**EXERCISE PROMPT**
When you reach the line with "Discovery Driven Planning: Digital" in the records below, begin transcribing exactly and continue up to and including the line with "A free Syrian", leaving out every picture.

**RECORDS PROVIDED**
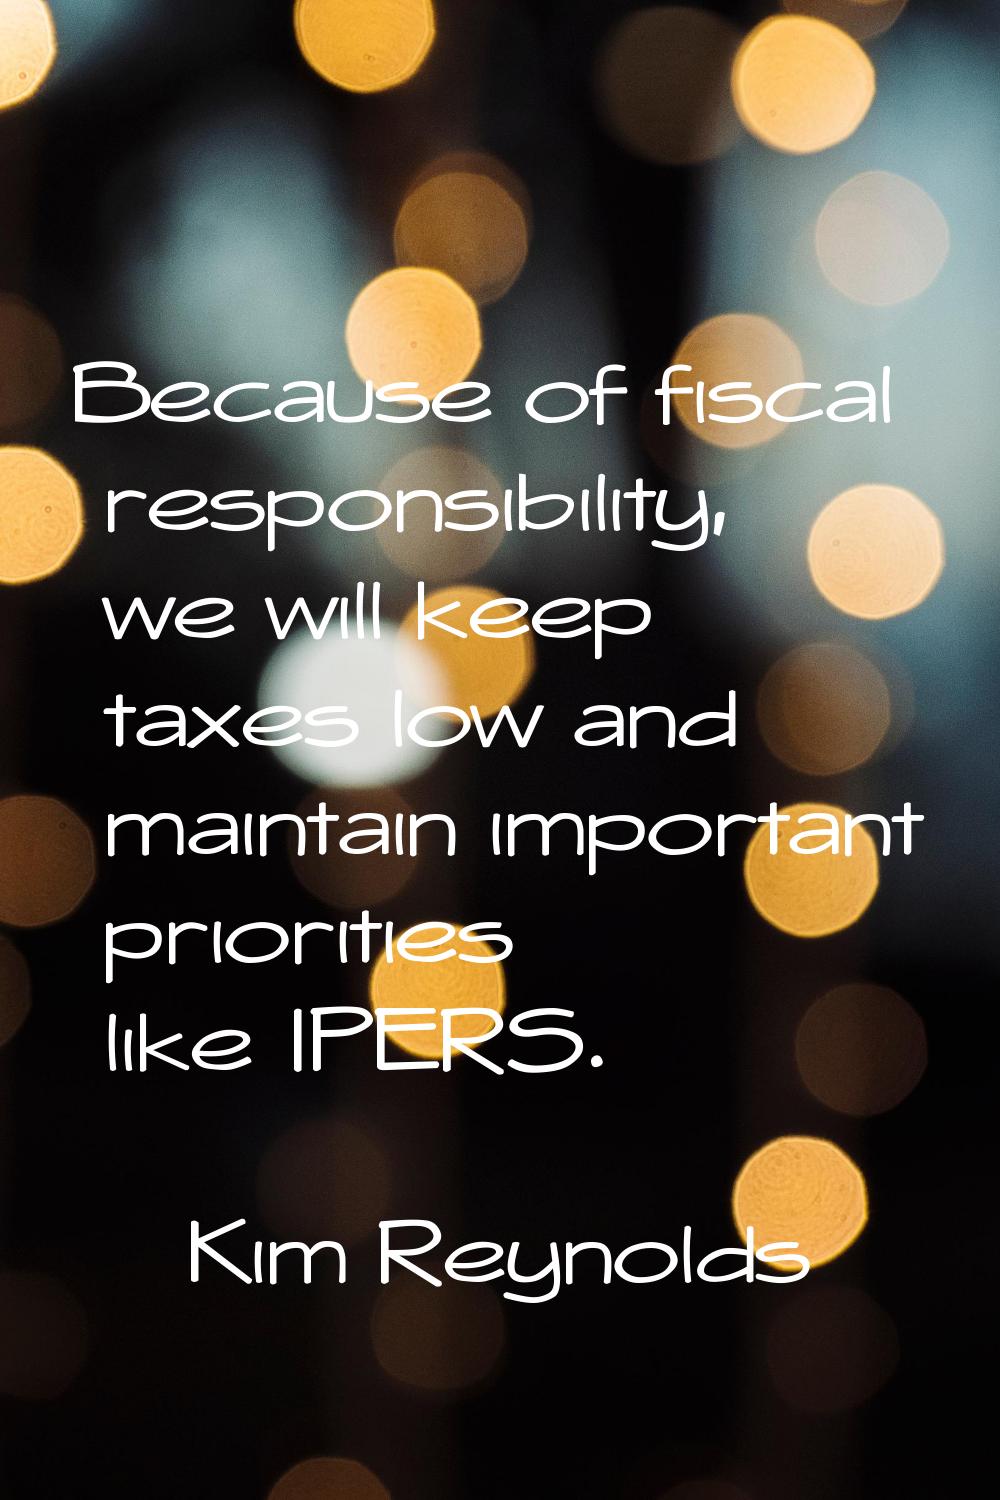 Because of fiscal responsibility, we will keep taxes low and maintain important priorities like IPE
--
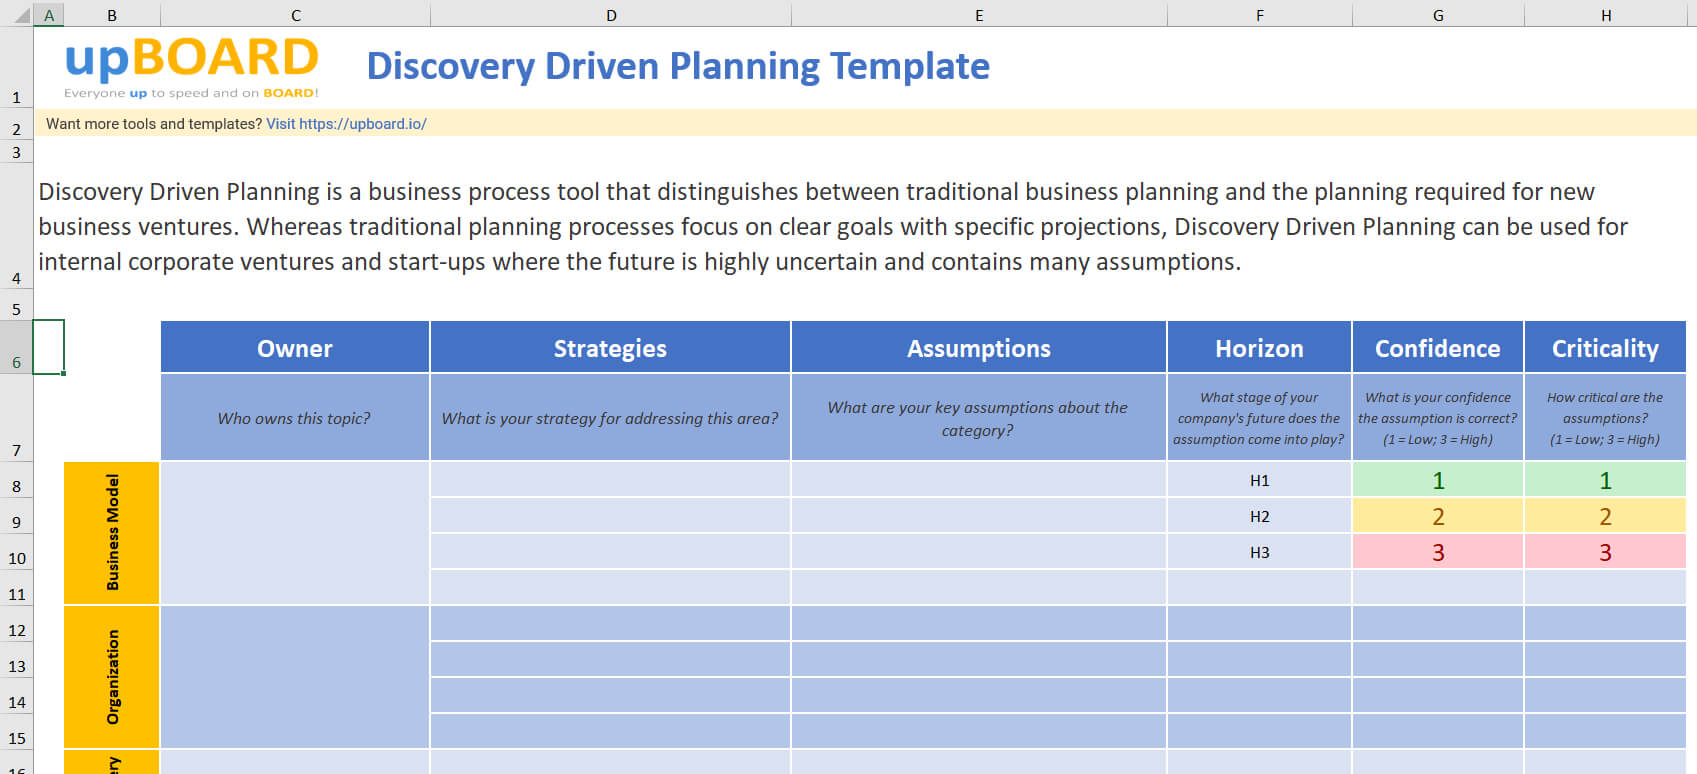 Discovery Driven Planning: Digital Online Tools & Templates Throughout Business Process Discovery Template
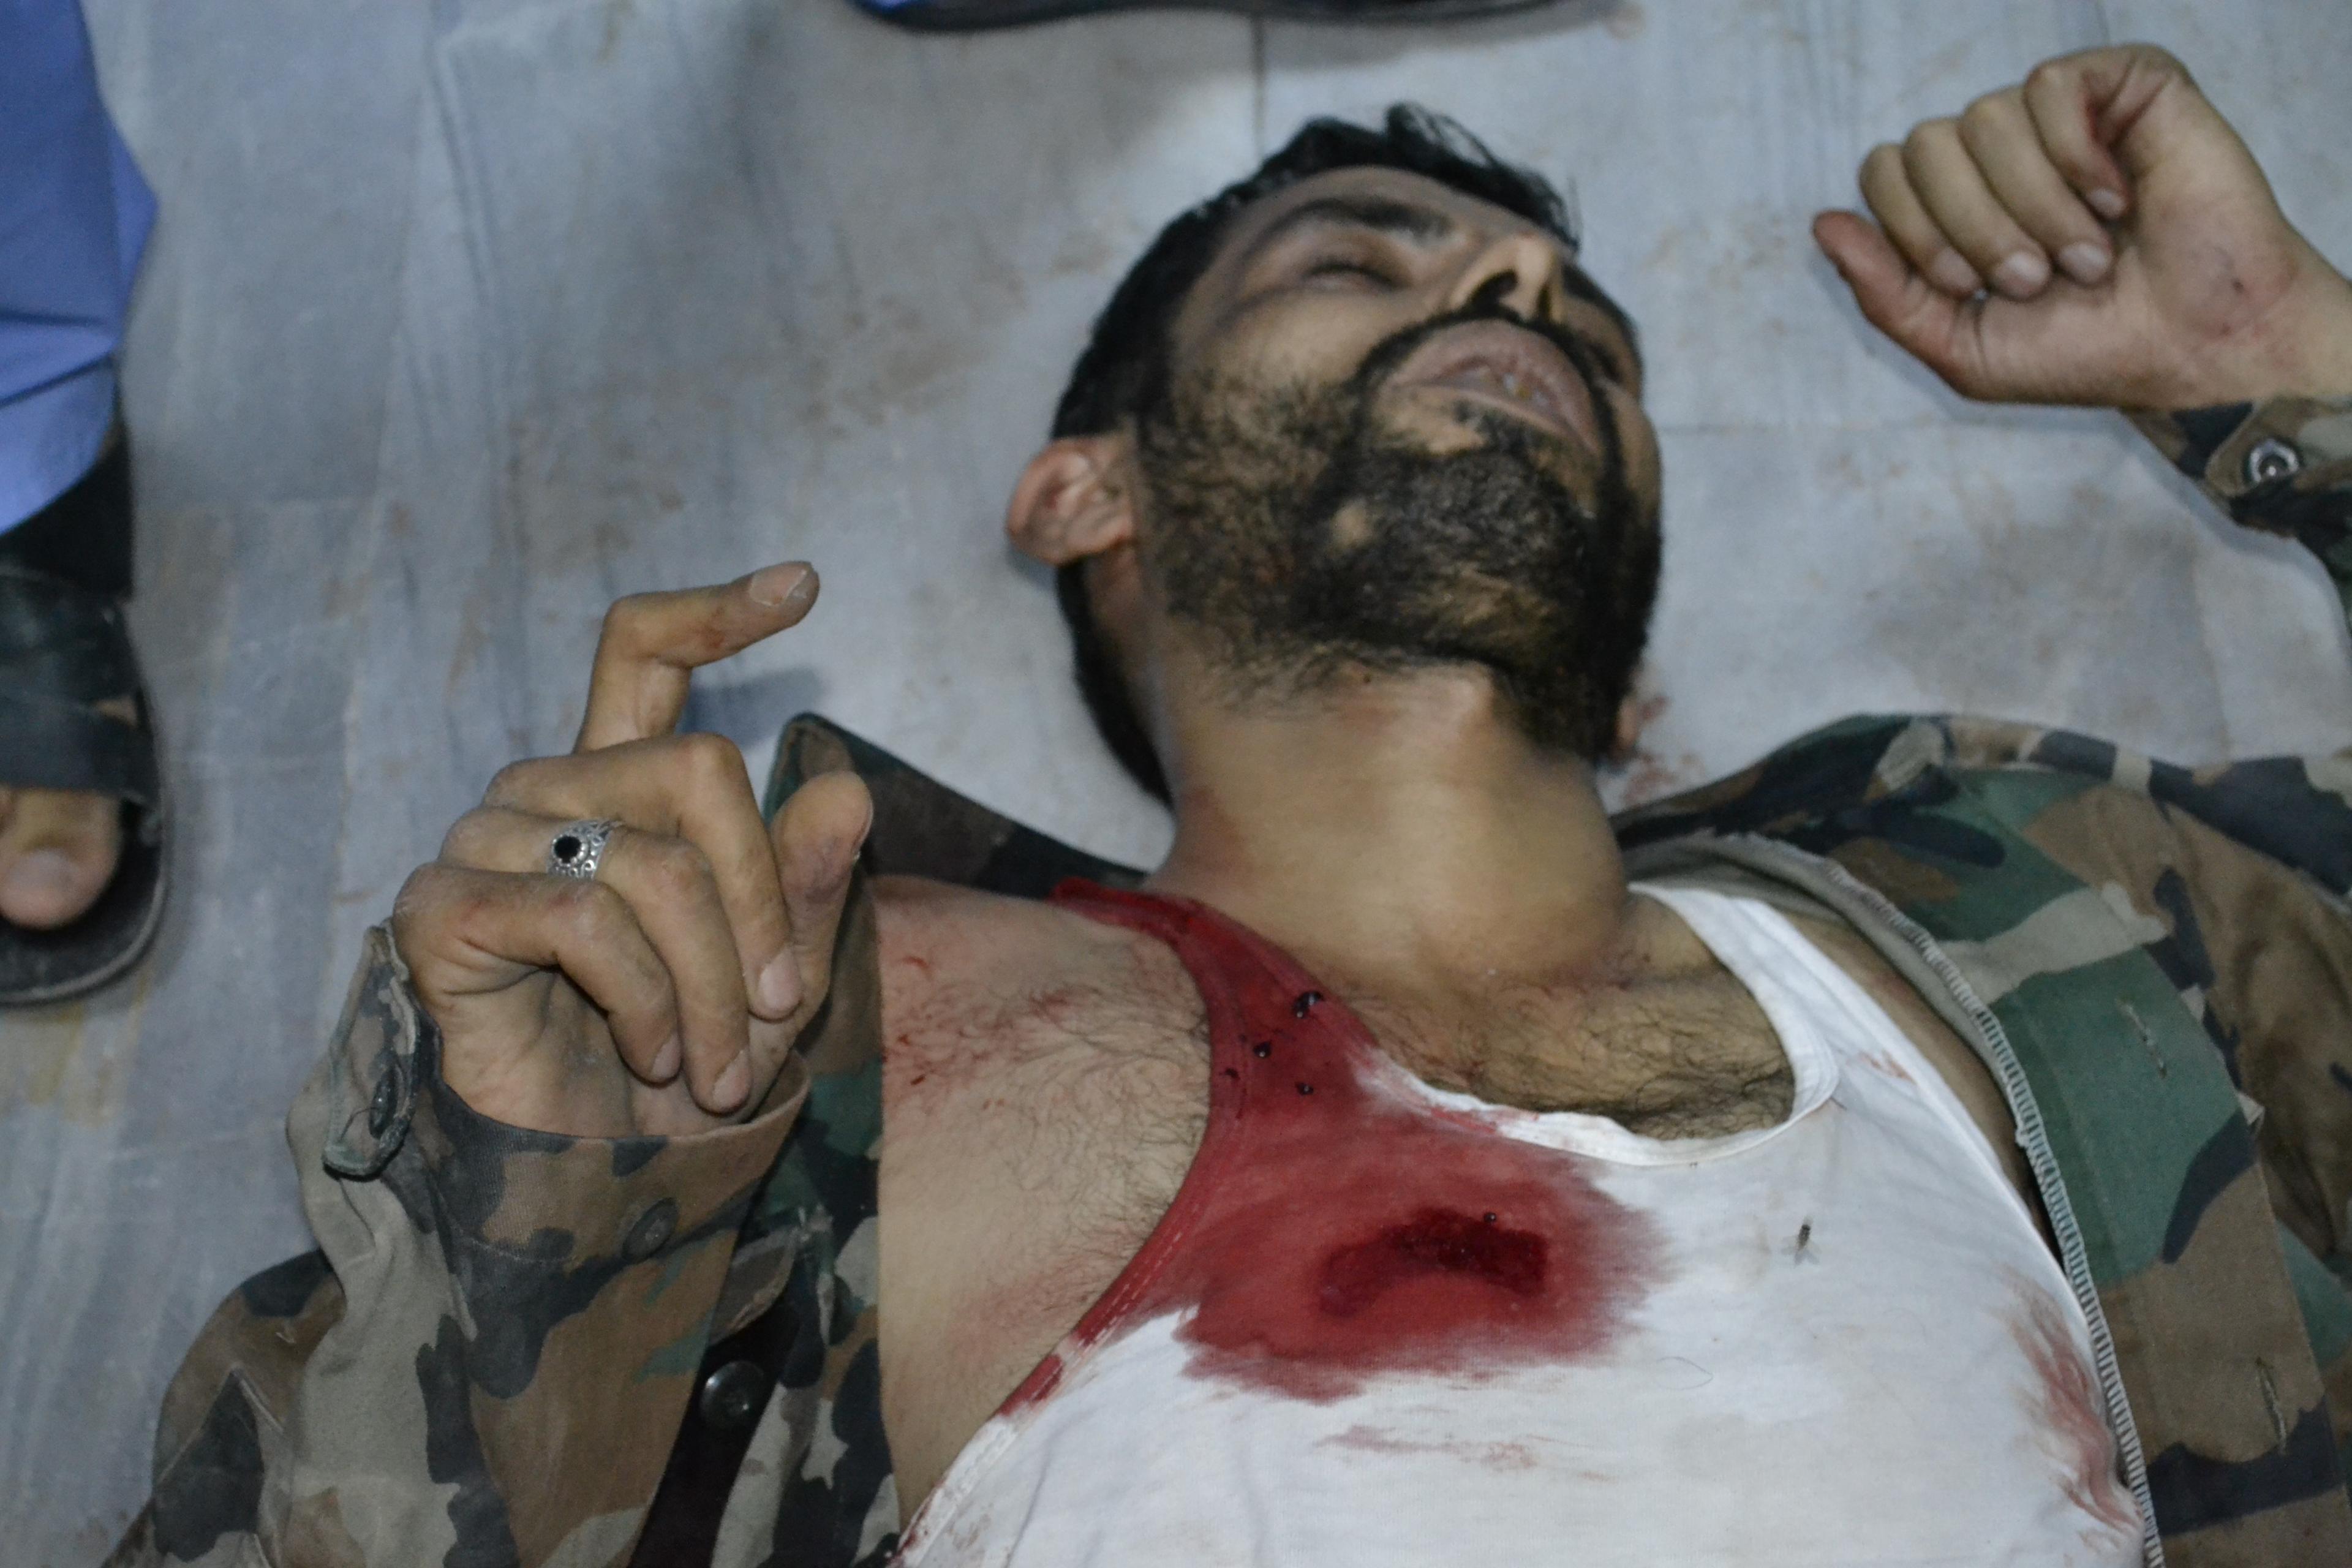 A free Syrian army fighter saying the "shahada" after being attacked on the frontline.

**EXERCISE RESULT**
 Discovery Driven Planning: Digital Online Tools & Templates Throughout Business Process Discovery Template
 A free Syrian army fighter saying the "shahada" after being attacked on the frontline.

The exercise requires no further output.